Search the listing below for the line containing "Thiết kế phòng ngủ người lớn hiện đại". From there through the line containing "acss-milan-handbags-05-v.jpg", transcribe every line exactly, both ends included.

INPUT —
□ □ □ □ □
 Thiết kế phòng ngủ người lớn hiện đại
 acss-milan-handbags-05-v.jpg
□ □ □ □ □
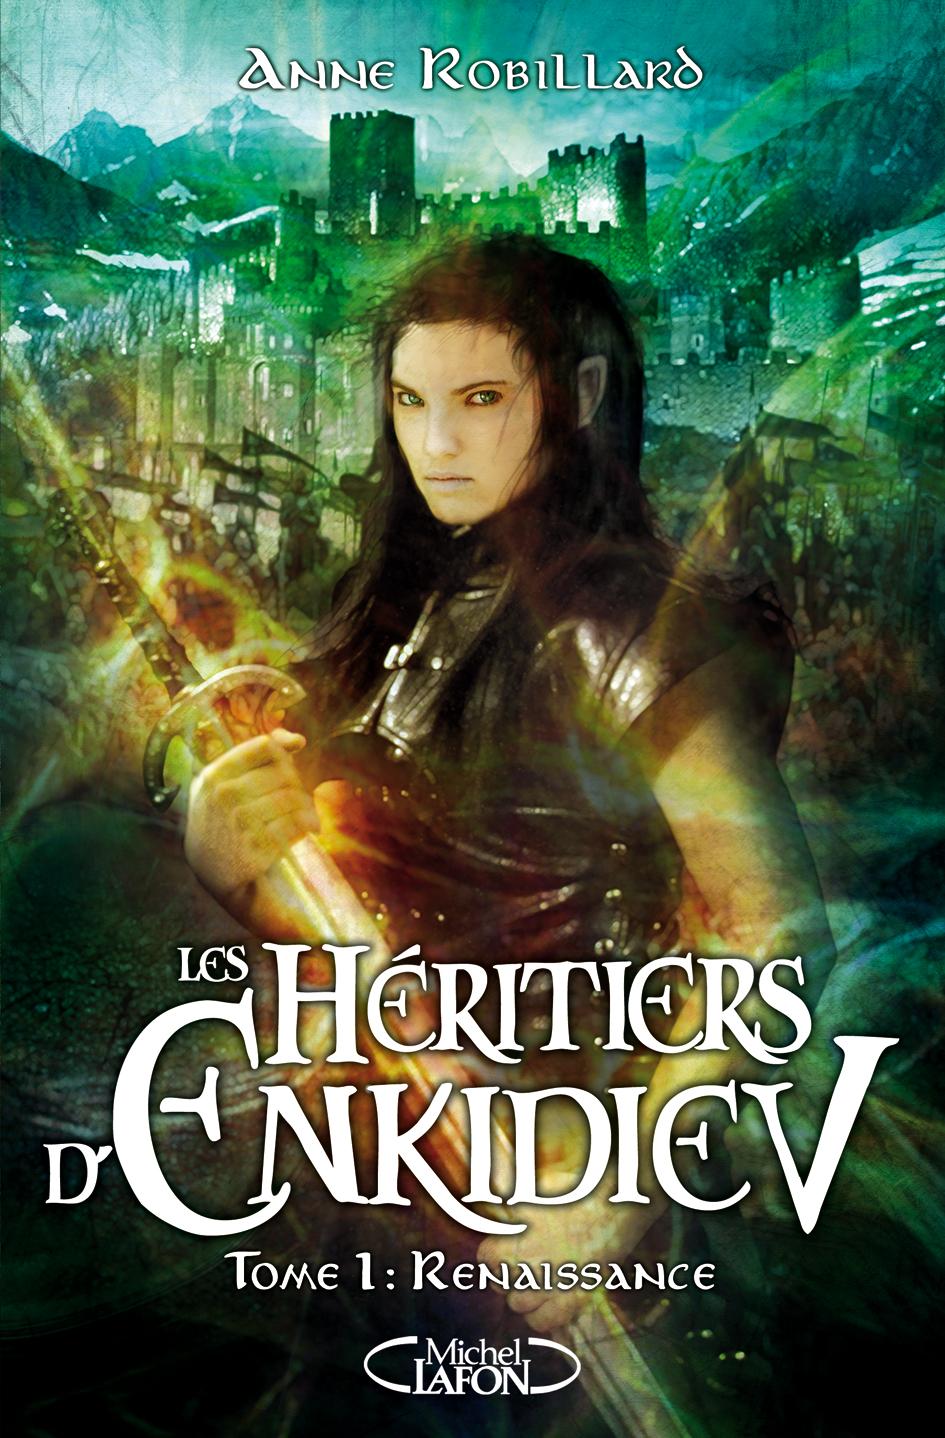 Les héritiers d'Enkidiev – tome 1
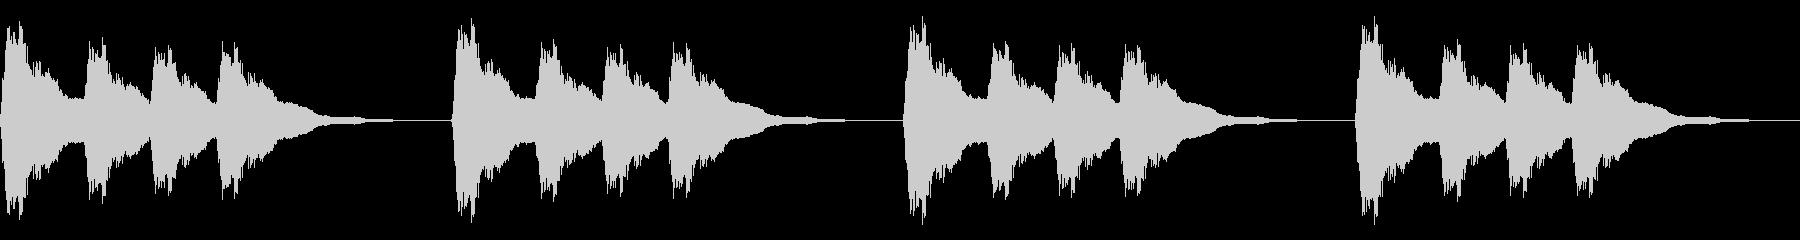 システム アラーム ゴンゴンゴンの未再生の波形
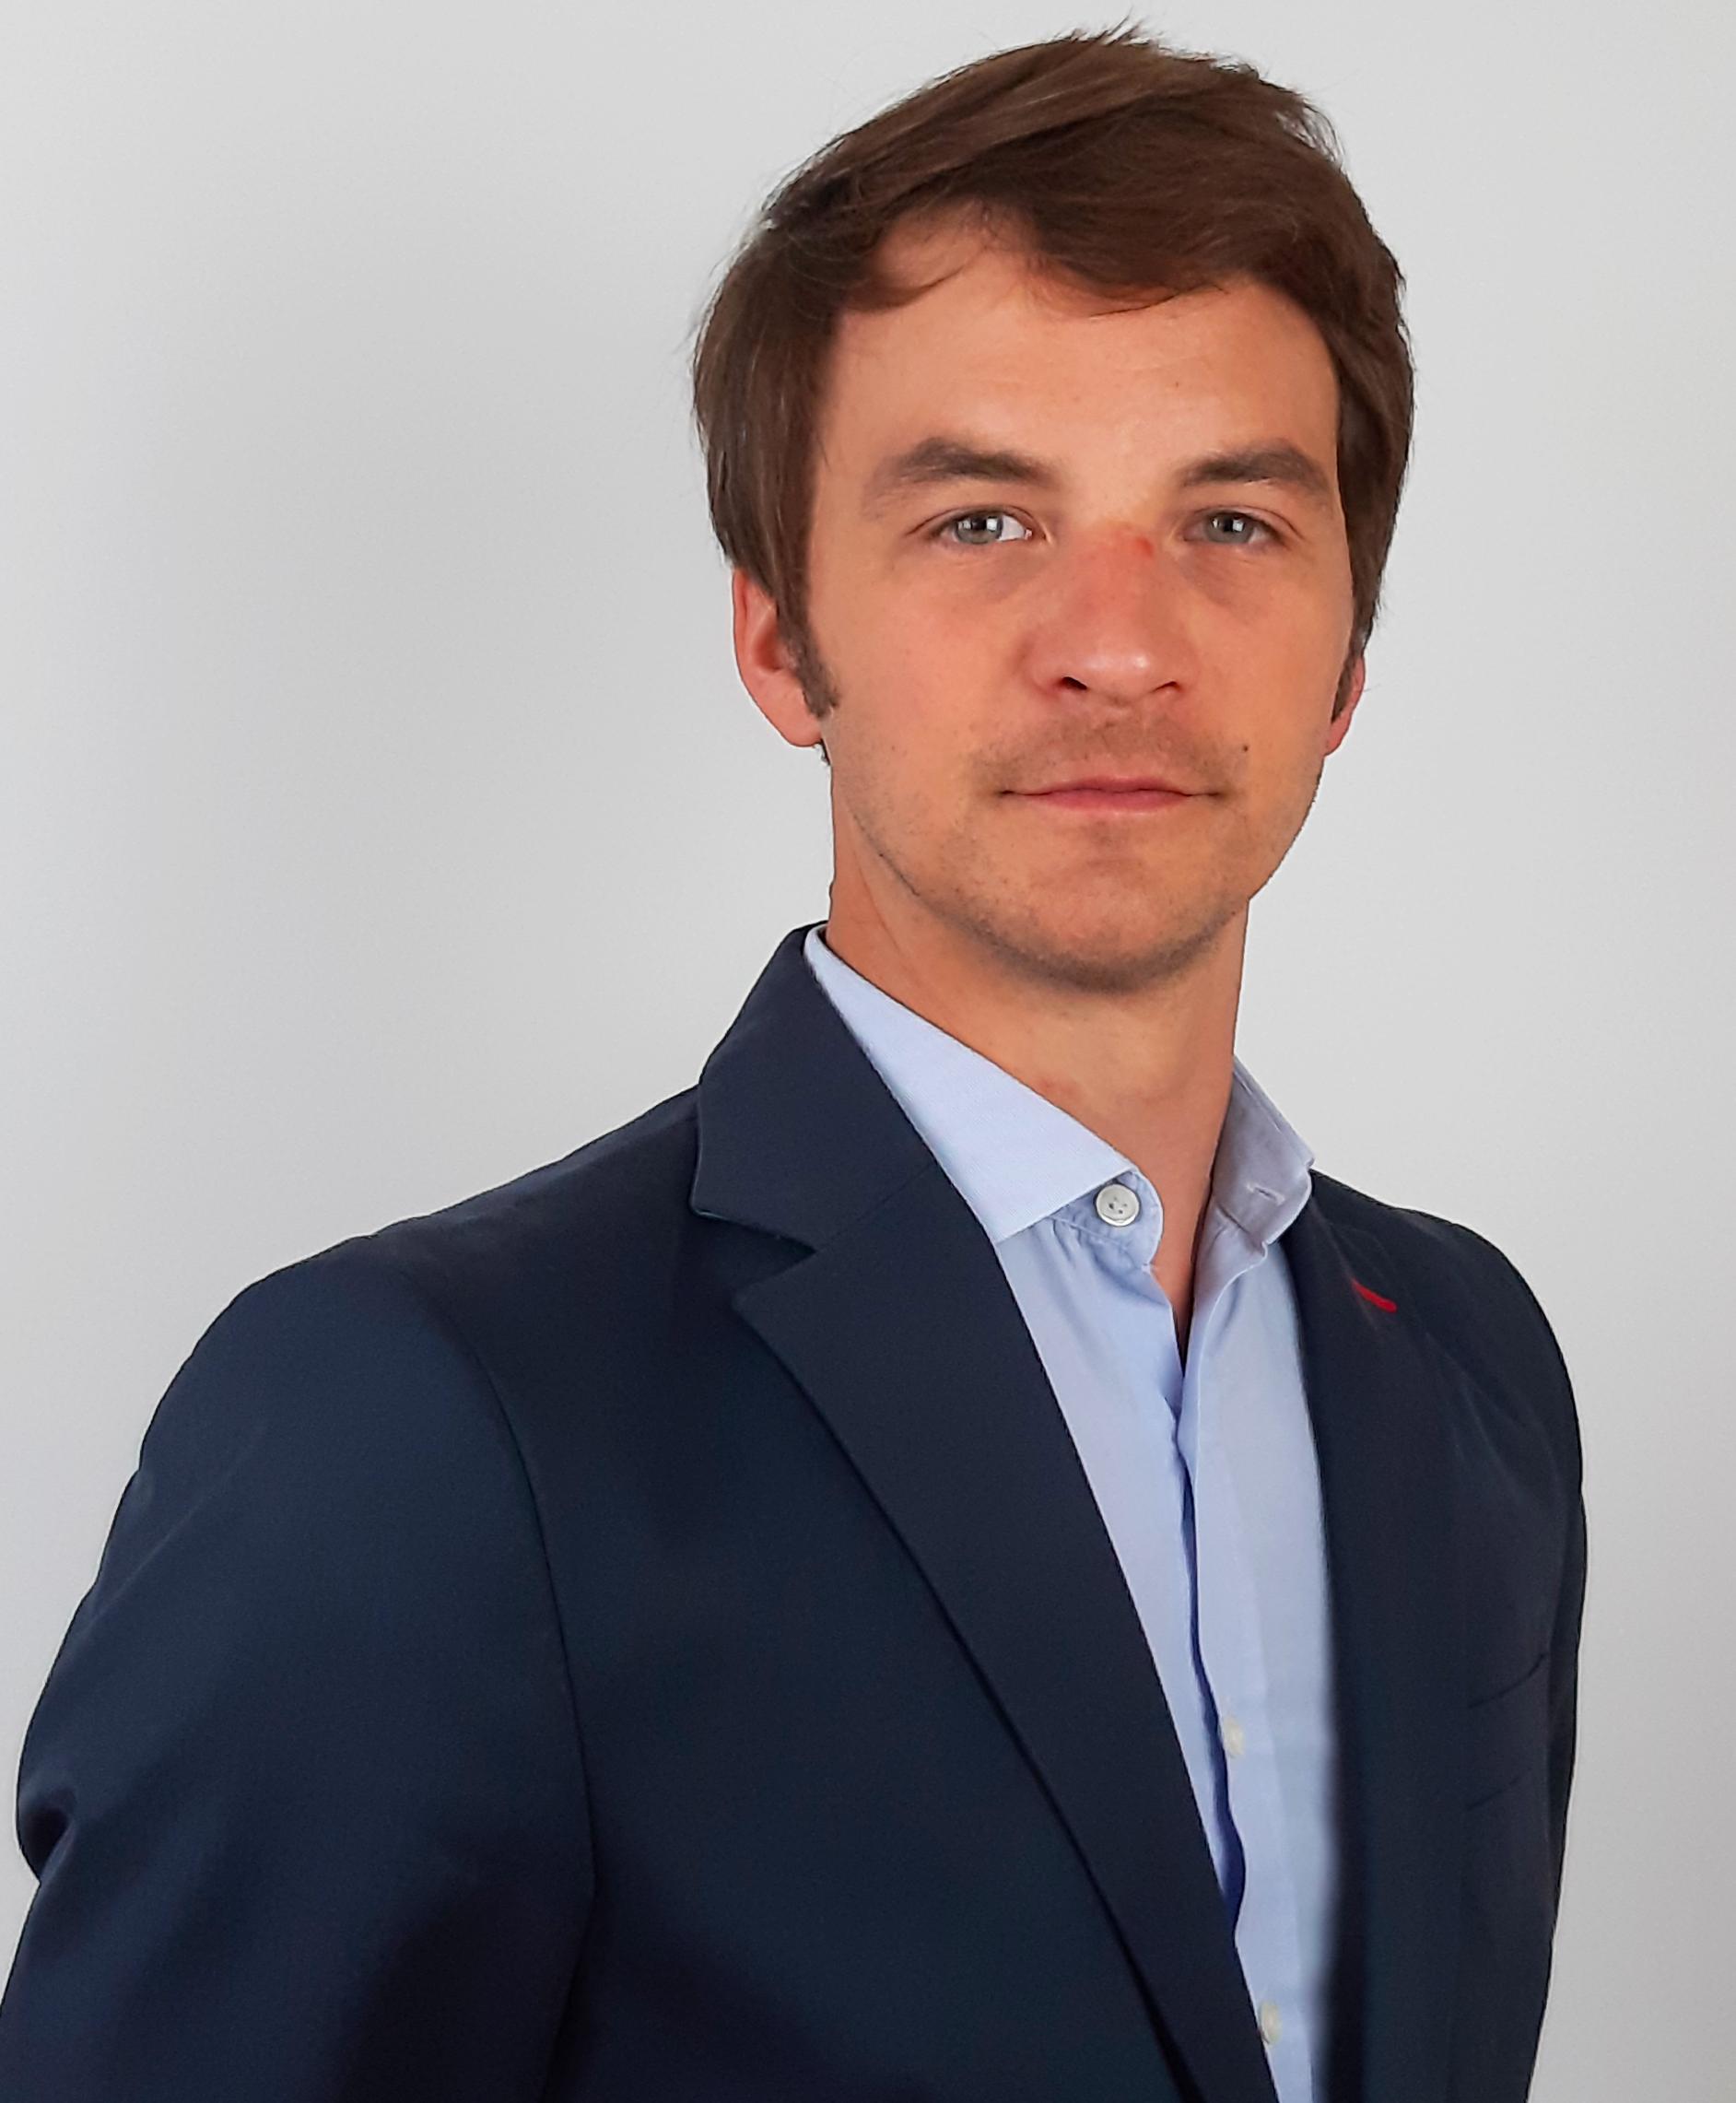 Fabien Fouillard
□ □ □ □ □
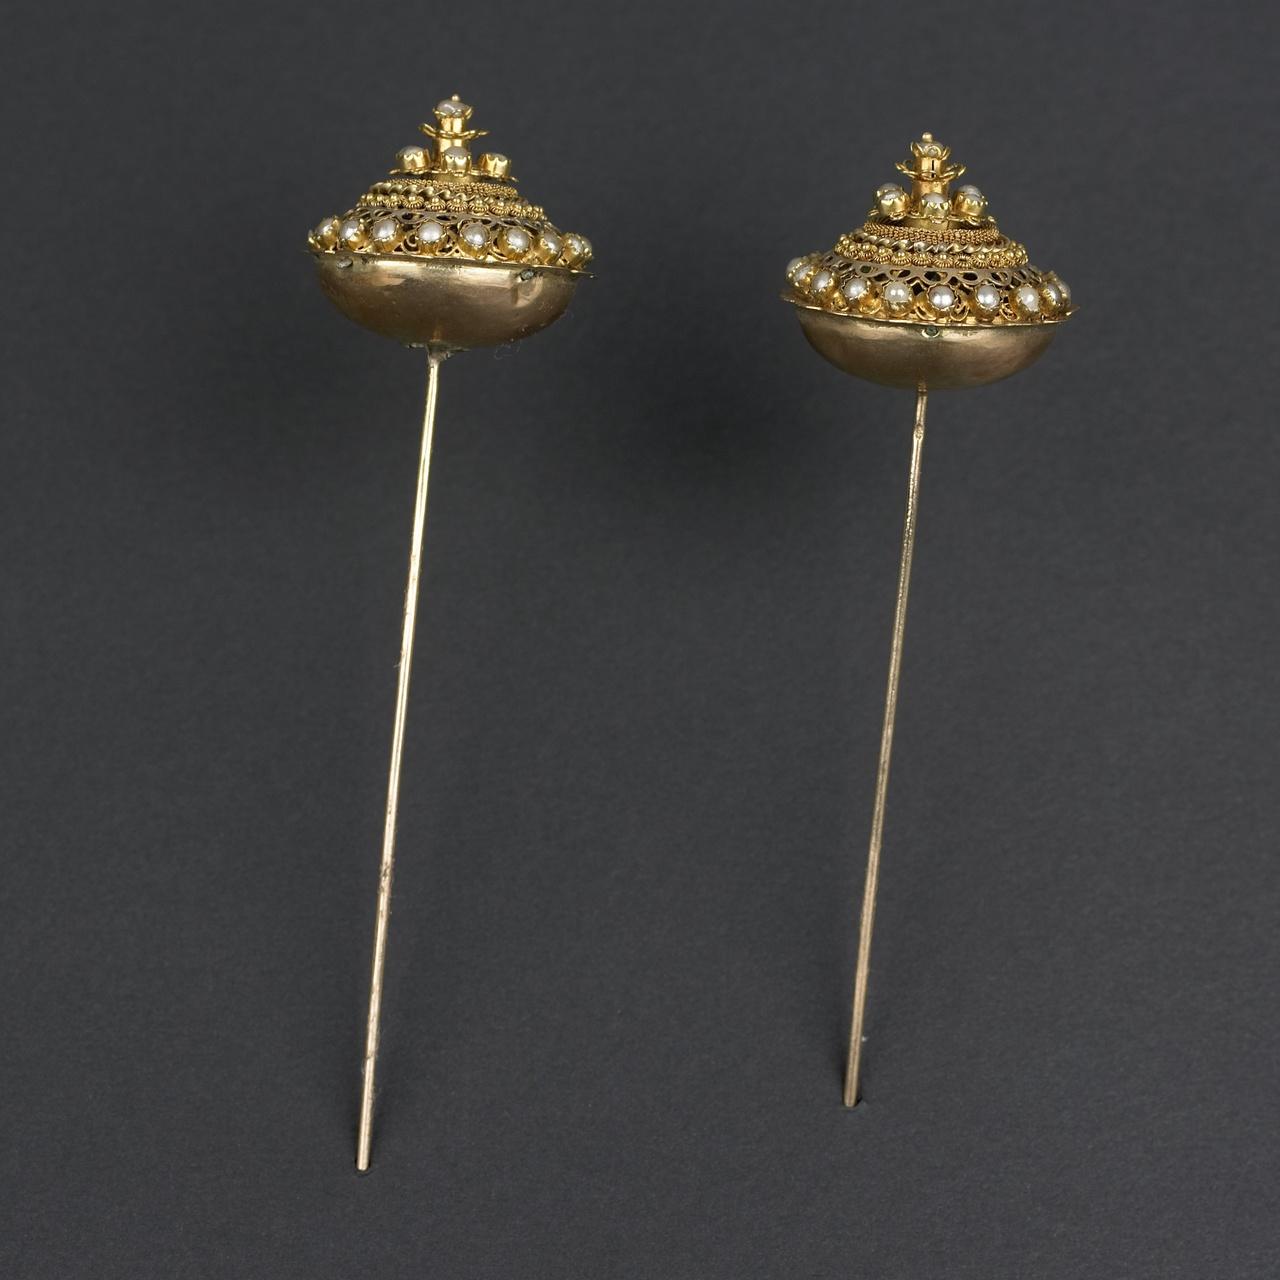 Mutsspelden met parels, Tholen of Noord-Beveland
□ □ □ □ □
RESULT OF THE EXERCISE —
 Thiết kế phòng ngủ người lớn hiện đại
 acss-milan-handbags-05-v.jpg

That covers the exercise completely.